-- Opening Marker --

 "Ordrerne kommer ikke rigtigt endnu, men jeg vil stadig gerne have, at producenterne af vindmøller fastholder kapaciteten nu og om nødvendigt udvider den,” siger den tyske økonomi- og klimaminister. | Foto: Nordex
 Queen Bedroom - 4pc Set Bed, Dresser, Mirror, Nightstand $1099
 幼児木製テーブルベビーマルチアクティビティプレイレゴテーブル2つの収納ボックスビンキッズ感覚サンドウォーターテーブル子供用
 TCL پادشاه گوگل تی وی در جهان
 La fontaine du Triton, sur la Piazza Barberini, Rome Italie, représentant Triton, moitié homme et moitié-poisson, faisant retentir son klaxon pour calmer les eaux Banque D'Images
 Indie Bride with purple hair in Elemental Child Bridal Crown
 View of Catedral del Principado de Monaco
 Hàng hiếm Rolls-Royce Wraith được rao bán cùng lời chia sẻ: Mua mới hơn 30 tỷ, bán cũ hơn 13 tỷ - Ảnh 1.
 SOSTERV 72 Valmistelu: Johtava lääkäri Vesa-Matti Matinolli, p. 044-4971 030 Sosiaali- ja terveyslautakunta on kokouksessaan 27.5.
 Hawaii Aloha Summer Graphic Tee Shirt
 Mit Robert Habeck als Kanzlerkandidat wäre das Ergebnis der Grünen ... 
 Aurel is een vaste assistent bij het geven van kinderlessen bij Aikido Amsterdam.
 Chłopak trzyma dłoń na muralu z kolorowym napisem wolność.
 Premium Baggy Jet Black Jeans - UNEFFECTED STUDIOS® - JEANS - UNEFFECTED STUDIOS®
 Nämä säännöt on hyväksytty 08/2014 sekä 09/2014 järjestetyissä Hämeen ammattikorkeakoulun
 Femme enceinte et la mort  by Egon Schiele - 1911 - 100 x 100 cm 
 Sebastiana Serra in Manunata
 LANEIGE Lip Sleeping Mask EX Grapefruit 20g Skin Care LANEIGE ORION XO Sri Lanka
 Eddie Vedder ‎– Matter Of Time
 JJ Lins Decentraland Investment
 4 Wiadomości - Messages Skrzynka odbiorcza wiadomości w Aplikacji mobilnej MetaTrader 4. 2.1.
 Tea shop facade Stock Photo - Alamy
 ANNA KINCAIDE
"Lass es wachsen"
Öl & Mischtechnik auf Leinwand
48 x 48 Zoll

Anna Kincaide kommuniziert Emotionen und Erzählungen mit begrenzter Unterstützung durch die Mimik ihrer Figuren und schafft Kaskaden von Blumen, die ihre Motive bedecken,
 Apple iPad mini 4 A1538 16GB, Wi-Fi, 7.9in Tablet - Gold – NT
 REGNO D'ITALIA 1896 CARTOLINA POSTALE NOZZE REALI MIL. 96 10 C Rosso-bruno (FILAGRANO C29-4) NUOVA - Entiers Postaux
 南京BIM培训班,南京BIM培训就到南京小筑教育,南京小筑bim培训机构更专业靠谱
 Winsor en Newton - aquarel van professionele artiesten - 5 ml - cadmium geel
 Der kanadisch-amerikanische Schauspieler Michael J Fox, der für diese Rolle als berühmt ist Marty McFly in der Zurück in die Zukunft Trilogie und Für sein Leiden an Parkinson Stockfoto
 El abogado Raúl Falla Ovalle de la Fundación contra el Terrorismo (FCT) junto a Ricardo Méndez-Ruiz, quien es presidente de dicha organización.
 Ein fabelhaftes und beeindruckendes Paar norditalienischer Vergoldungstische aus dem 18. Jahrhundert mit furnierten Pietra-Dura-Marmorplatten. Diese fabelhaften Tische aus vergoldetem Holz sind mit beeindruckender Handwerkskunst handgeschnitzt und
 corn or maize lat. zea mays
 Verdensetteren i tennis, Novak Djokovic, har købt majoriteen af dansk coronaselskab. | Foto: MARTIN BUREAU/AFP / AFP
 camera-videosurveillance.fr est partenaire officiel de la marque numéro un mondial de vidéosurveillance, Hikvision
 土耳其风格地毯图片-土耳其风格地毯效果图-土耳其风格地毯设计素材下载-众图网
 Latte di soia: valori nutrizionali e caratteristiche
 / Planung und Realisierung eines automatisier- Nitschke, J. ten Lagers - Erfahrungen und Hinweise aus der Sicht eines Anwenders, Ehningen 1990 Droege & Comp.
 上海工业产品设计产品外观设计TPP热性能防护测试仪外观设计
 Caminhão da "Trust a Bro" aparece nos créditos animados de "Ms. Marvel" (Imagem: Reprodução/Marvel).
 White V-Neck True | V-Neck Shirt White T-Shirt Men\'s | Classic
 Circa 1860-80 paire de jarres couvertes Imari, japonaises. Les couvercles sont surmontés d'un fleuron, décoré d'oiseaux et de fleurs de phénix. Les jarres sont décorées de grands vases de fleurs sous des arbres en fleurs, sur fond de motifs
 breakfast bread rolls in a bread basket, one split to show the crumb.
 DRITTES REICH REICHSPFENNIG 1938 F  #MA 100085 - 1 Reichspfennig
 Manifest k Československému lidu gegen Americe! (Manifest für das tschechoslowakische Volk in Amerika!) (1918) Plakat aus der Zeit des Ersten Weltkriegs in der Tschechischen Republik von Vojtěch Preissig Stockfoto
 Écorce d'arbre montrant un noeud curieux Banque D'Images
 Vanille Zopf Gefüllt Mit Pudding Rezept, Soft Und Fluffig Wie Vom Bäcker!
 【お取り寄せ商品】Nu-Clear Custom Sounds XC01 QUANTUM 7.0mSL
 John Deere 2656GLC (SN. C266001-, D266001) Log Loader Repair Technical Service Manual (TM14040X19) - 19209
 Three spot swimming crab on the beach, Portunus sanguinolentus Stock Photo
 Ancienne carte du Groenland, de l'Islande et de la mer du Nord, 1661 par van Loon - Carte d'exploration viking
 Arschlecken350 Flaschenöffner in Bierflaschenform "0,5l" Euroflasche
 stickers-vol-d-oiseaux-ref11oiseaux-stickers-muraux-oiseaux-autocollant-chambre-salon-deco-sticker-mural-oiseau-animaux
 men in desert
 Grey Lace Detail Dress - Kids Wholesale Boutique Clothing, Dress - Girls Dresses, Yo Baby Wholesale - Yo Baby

-- Closing Marker --

Every entry must be quoted exactly as it appears above.

ANSWER AREA ->
 "Ordrerne kommer ikke rigtigt endnu, men jeg vil stadig gerne have, at producenterne af vindmøller fastholder kapaciteten nu og om nødvendigt udvider den,” siger den tyske økonomi- og klimaminister. | Foto: Nordex
 Queen Bedroom - 4pc Set Bed, Dresser, Mirror, Nightstand $1099
 幼児木製テーブルベビーマルチアクティビティプレイレゴテーブル2つの収納ボックスビンキッズ感覚サンドウォーターテーブル子供用
 TCL پادشاه گوگل تی وی در جهان
 La fontaine du Triton, sur la Piazza Barberini, Rome Italie, représentant Triton, moitié homme et moitié-poisson, faisant retentir son klaxon pour calmer les eaux Banque D'Images
 Indie Bride with purple hair in Elemental Child Bridal Crown
 View of Catedral del Principado de Monaco
 Hàng hiếm Rolls-Royce Wraith được rao bán cùng lời chia sẻ: Mua mới hơn 30 tỷ, bán cũ hơn 13 tỷ - Ảnh 1.
 SOSTERV 72 Valmistelu: Johtava lääkäri Vesa-Matti Matinolli, p. 044-4971 030 Sosiaali- ja terveyslautakunta on kokouksessaan 27.5.
 Hawaii Aloha Summer Graphic Tee Shirt
 Mit Robert Habeck als Kanzlerkandidat wäre das Ergebnis der Grünen ... 
 Aurel is een vaste assistent bij het geven van kinderlessen bij Aikido Amsterdam.
 Chłopak trzyma dłoń na muralu z kolorowym napisem wolność.
 Premium Baggy Jet Black Jeans - UNEFFECTED STUDIOS® - JEANS - UNEFFECTED STUDIOS®
 Nämä säännöt on hyväksytty 08/2014 sekä 09/2014 järjestetyissä Hämeen ammattikorkeakoulun
 Femme enceinte et la mort  by Egon Schiele - 1911 - 100 x 100 cm 
 Sebastiana Serra in Manunata
 LANEIGE Lip Sleeping Mask EX Grapefruit 20g Skin Care LANEIGE ORION XO Sri Lanka
 Eddie Vedder ‎– Matter Of Time
 JJ Lins Decentraland Investment
 4 Wiadomości - Messages Skrzynka odbiorcza wiadomości w Aplikacji mobilnej MetaTrader 4. 2.1.
 Tea shop facade Stock Photo - Alamy
 ANNA KINCAIDE
"Lass es wachsen"
Öl & Mischtechnik auf Leinwand
48 x 48 Zoll

Anna Kincaide kommuniziert Emotionen und Erzählungen mit begrenzter Unterstützung durch die Mimik ihrer Figuren und schafft Kaskaden von Blumen, die ihre Motive bedecken,
 Apple iPad mini 4 A1538 16GB, Wi-Fi, 7.9in Tablet - Gold – NT
 REGNO D'ITALIA 1896 CARTOLINA POSTALE NOZZE REALI MIL. 96 10 C Rosso-bruno (FILAGRANO C29-4) NUOVA - Entiers Postaux
 南京BIM培训班,南京BIM培训就到南京小筑教育,南京小筑bim培训机构更专业靠谱
 Winsor en Newton - aquarel van professionele artiesten - 5 ml - cadmium geel
 Der kanadisch-amerikanische Schauspieler Michael J Fox, der für diese Rolle als berühmt ist Marty McFly in der Zurück in die Zukunft Trilogie und Für sein Leiden an Parkinson Stockfoto
 El abogado Raúl Falla Ovalle de la Fundación contra el Terrorismo (FCT) junto a Ricardo Méndez-Ruiz, quien es presidente de dicha organización.
 Ein fabelhaftes und beeindruckendes Paar norditalienischer Vergoldungstische aus dem 18. Jahrhundert mit furnierten Pietra-Dura-Marmorplatten. Diese fabelhaften Tische aus vergoldetem Holz sind mit beeindruckender Handwerkskunst handgeschnitzt und
 corn or maize lat. zea mays
 Verdensetteren i tennis, Novak Djokovic, har købt majoriteen af dansk coronaselskab. | Foto: MARTIN BUREAU/AFP / AFP
 camera-videosurveillance.fr est partenaire officiel de la marque numéro un mondial de vidéosurveillance, Hikvision
 土耳其风格地毯图片-土耳其风格地毯效果图-土耳其风格地毯设计素材下载-众图网
 Latte di soia: valori nutrizionali e caratteristiche
 / Planung und Realisierung eines automatisier- Nitschke, J. ten Lagers - Erfahrungen und Hinweise aus der Sicht eines Anwenders, Ehningen 1990 Droege & Comp.
 上海工业产品设计产品外观设计TPP热性能防护测试仪外观设计
 Caminhão da "Trust a Bro" aparece nos créditos animados de "Ms. Marvel" (Imagem: Reprodução/Marvel).
 White V-Neck True | V-Neck Shirt White T-Shirt Men\'s | Classic
 Circa 1860-80 paire de jarres couvertes Imari, japonaises. Les couvercles sont surmontés d'un fleuron, décoré d'oiseaux et de fleurs de phénix. Les jarres sont décorées de grands vases de fleurs sous des arbres en fleurs, sur fond de motifs
 breakfast bread rolls in a bread basket, one split to show the crumb.
 DRITTES REICH REICHSPFENNIG 1938 F  #MA 100085 - 1 Reichspfennig
 Manifest k Československému lidu gegen Americe! (Manifest für das tschechoslowakische Volk in Amerika!) (1918) Plakat aus der Zeit des Ersten Weltkriegs in der Tschechischen Republik von Vojtěch Preissig Stockfoto
 Écorce d'arbre montrant un noeud curieux Banque D'Images
 Vanille Zopf Gefüllt Mit Pudding Rezept, Soft Und Fluffig Wie Vom Bäcker!
 【お取り寄せ商品】Nu-Clear Custom Sounds XC01 QUANTUM 7.0mSL
 John Deere 2656GLC (SN. C266001-, D266001) Log Loader Repair Technical Service Manual (TM14040X19) - 19209
 Three spot swimming crab on the beach, Portunus sanguinolentus Stock Photo
 Ancienne carte du Groenland, de l'Islande et de la mer du Nord, 1661 par van Loon - Carte d'exploration viking
 Arschlecken350 Flaschenöffner in Bierflaschenform "0,5l" Euroflasche
 stickers-vol-d-oiseaux-ref11oiseaux-stickers-muraux-oiseaux-autocollant-chambre-salon-deco-sticker-mural-oiseau-animaux
 men in desert
 Grey Lace Detail Dress - Kids Wholesale Boutique Clothing, Dress - Girls Dresses, Yo Baby Wholesale - Yo Baby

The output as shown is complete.